Oil prices edged up, Wednesday morning, after an unexpected fall in United States crude inventories but hovered not far above 11-year lows as supplies remain abundant and as the Organization of Petroleum Exporting Countries (OPEC) lowered the demand outlook for its exports.
U.S. crude futures briefly traded above benchmark Brent prices, a trading pattern rarely seen over the last five years.
At 1035 GMT, Brent crude futures were up 41 cents at $36.52 a barrel, while West Texas Intermediate (WTI) futures CLc1 were up 33 cents at $36.47.
A day earlier Brent touched $35.98, its lowest since July 2004.

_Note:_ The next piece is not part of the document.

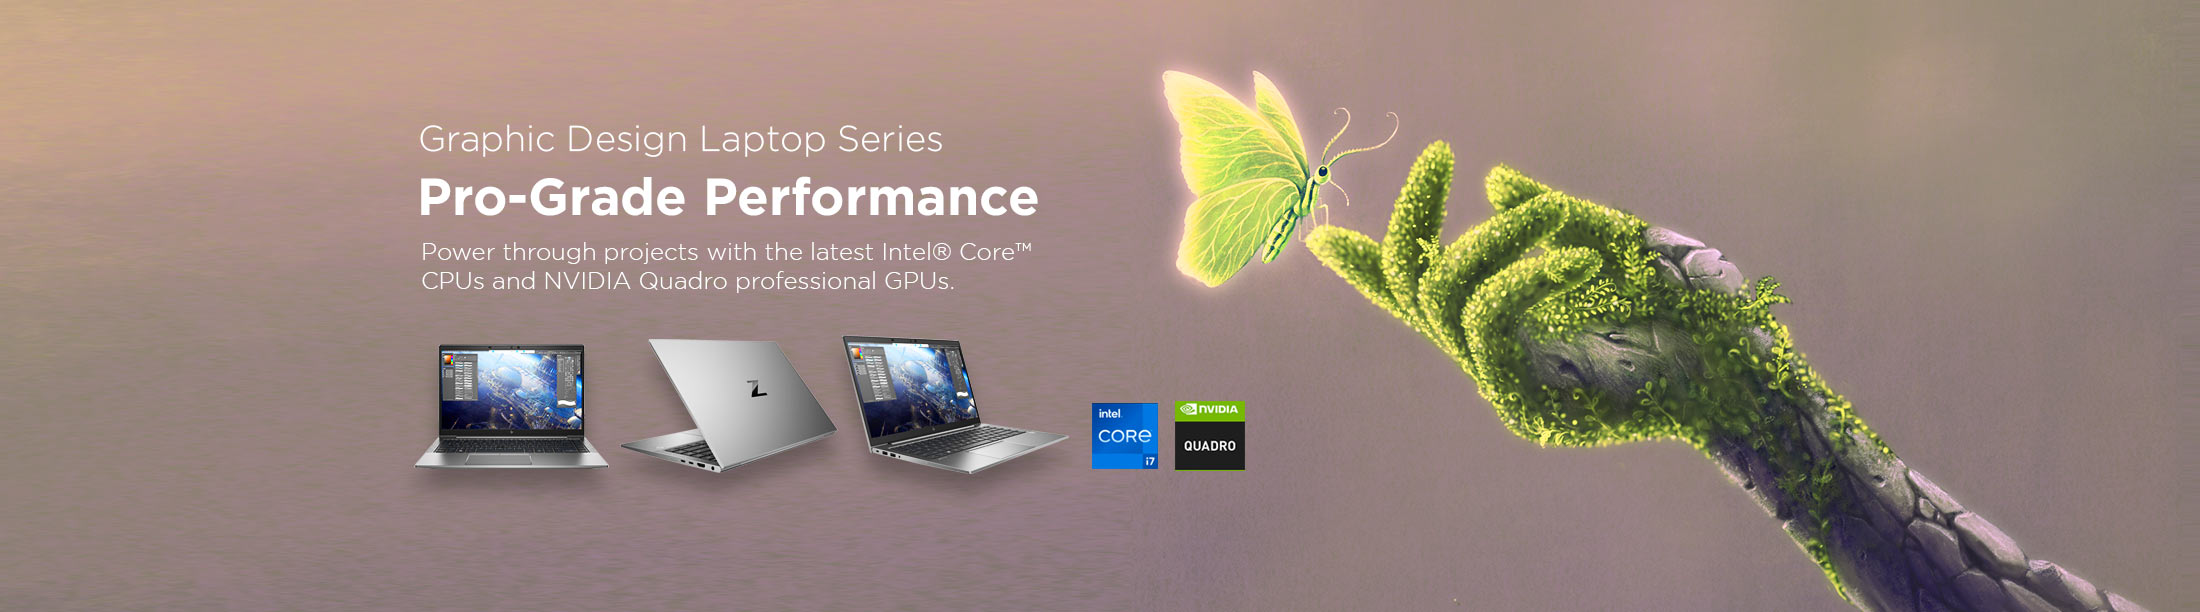 Pro-Grade Performance - Graphic Design Laptops Series at MESH

OPEC in a report, Wednesday forecast that demand for its crude would be lower in 2020 than in 2016 as rival producers prove more resilient than expected in a low oil price environment.
It forecast 2020 demand for OPEC crude at 30.7 million barrels per day (bpd) versus 30.9 million bpd in 2016 and about 1 million bpd less than it is currently producing.
OPEC raised its forecast for tight oil output to 5.19 million bpd in 2020, up from 4.50 million bpd in its 2014 report.
In a sign of growing competition for market share among OPEC members in Asia, Iraq signed a $1.4 billion deal to supply 160,000 bpd to Indian refiners Reliance and Indian Oil Corp ICO.NS.
Iran is expected to add 500,000 bpd of crude exports next year and Iranian officials have already met with Indian refiners seeking proposals on how to make their crude more competitive.
On Wednesday, Brent traded as low as $36.28 a barrel, flipping WTI from a long-standing discount into a slight premium over the international benchmark for the first time since a short period in November 2014.
Since 2010, U.S. petroleum imports have fallen from a peak of almost 14 million barrels per day (bpd) to around 9 million bpd, government data shows.
But as shale output dips and the government eases restrictions on crude exports, the U.S. market could tighten while global supplies swell on sustained high output from Russia and the Organization of the Petroleum Exporting Countries (OPEC).
Although no immediate large-scale exports are expected, some U.S. oil will likely flow from the United States into the global market next year.